◆ **DATA EXTRACT**:
══════

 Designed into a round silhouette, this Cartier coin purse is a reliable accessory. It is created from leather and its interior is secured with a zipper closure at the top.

══════

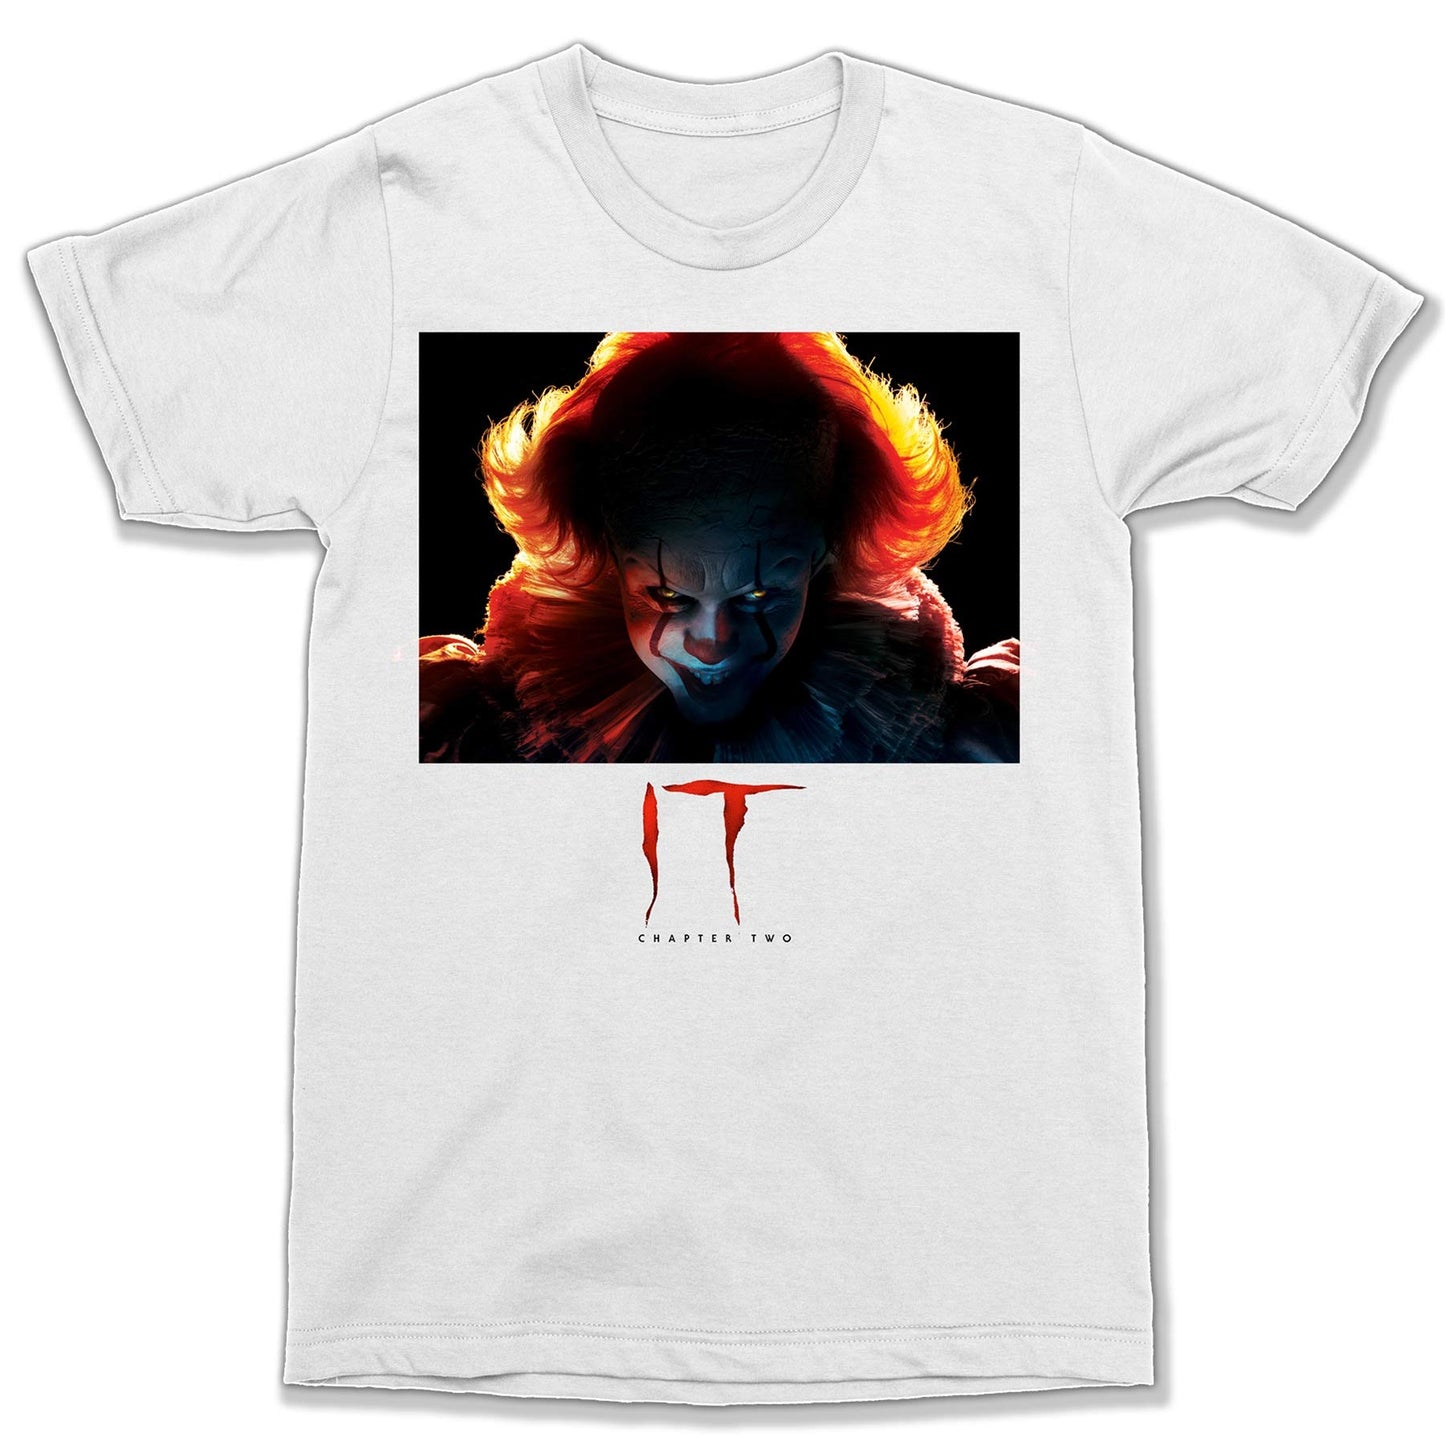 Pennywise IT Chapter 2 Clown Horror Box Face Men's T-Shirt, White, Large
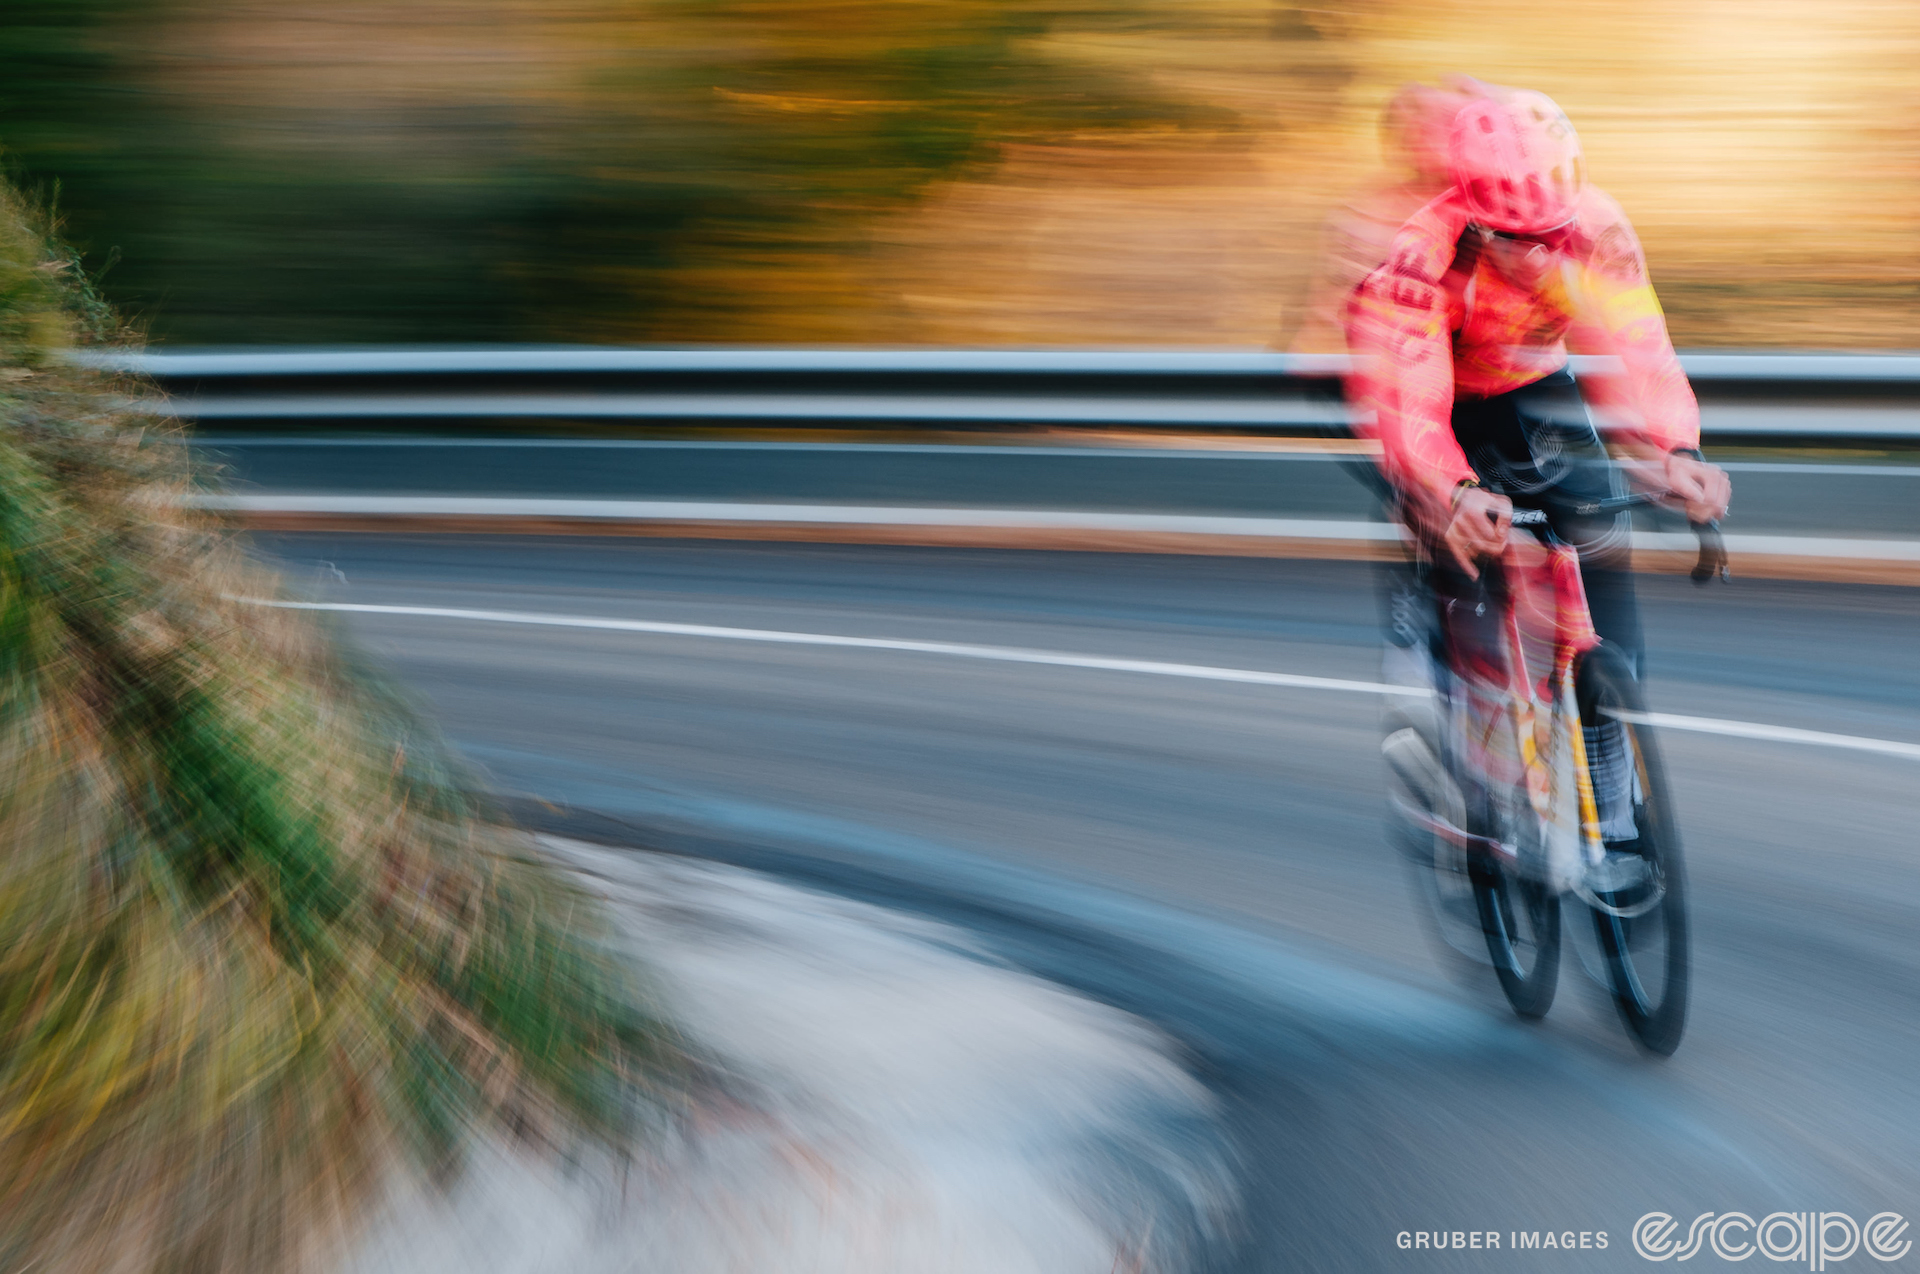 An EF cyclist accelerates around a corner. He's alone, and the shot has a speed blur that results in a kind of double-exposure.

══════

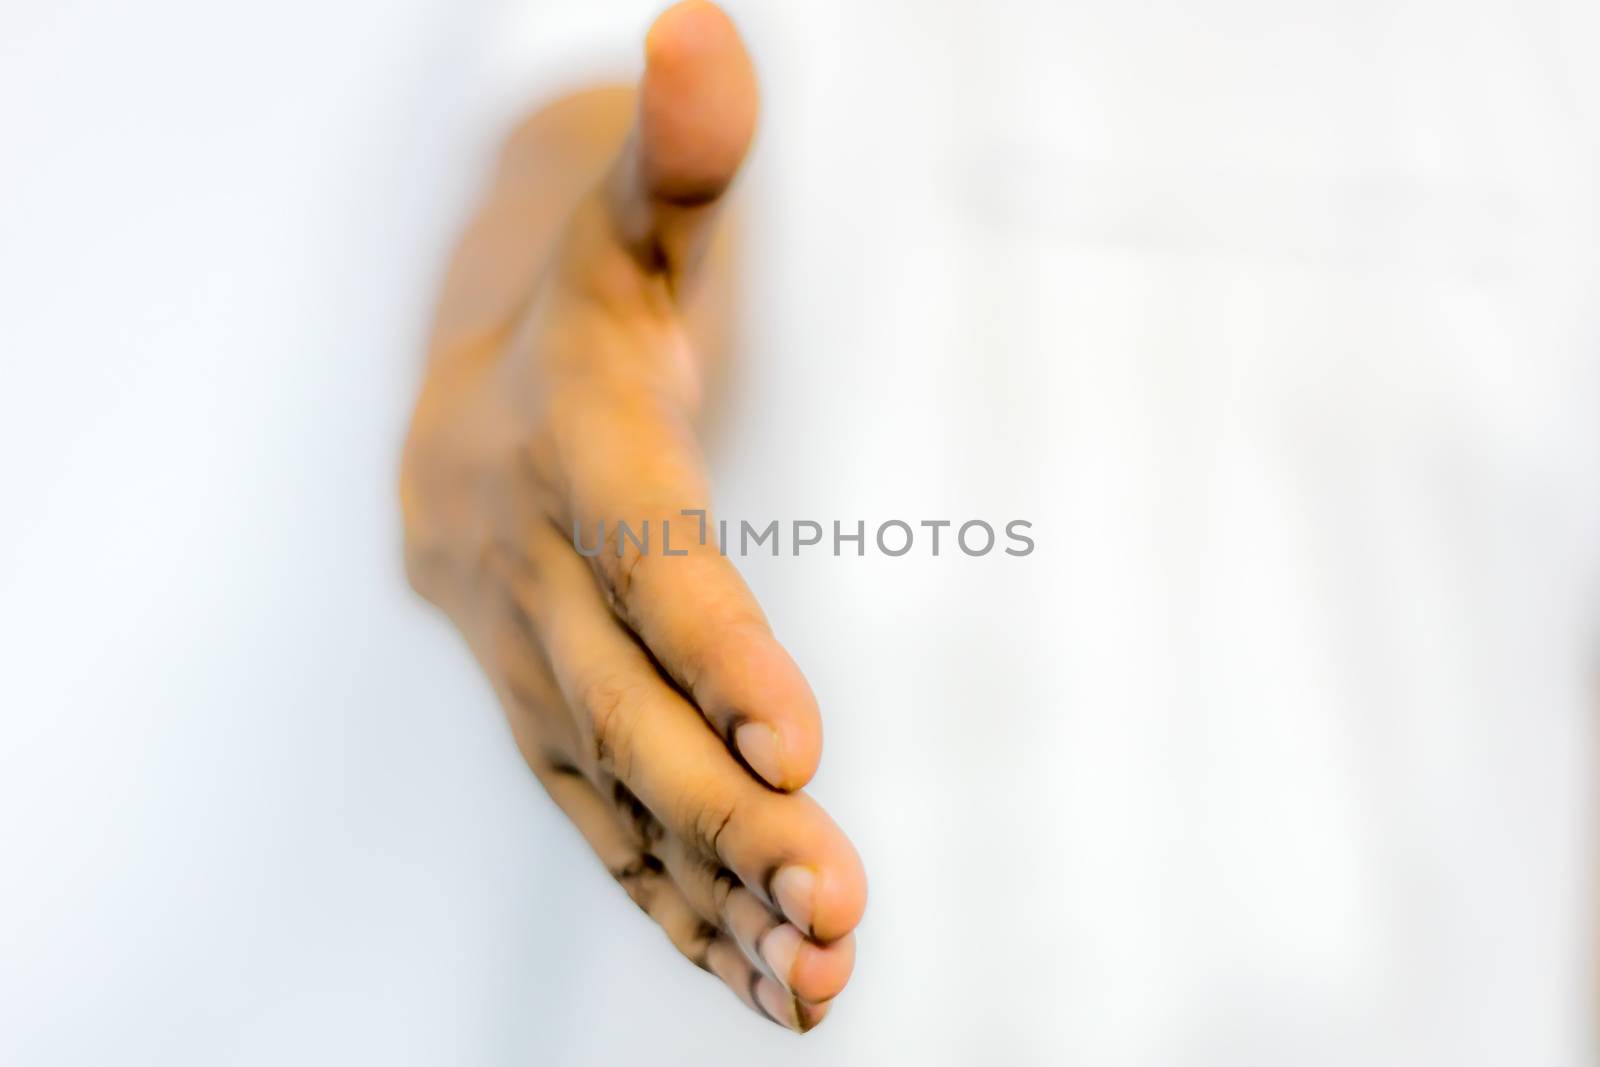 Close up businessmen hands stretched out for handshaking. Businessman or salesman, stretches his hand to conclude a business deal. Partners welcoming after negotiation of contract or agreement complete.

══════

◆ **EXERCISE GOAL**: Retype the lines above exactly as they appear, from the line containing "Pennywise IT Chapter" through the line containing "An EF cyclist", and leave out any pictures.

◆ **PROBLEM SOLUTION**:
 Pennywise IT Chapter 2 Clown Horror Box Face Men's T-Shirt, White, Large
 An EF cyclist accelerates around a corner. He's alone, and the shot has a speed blur that results in a kind of double-exposure.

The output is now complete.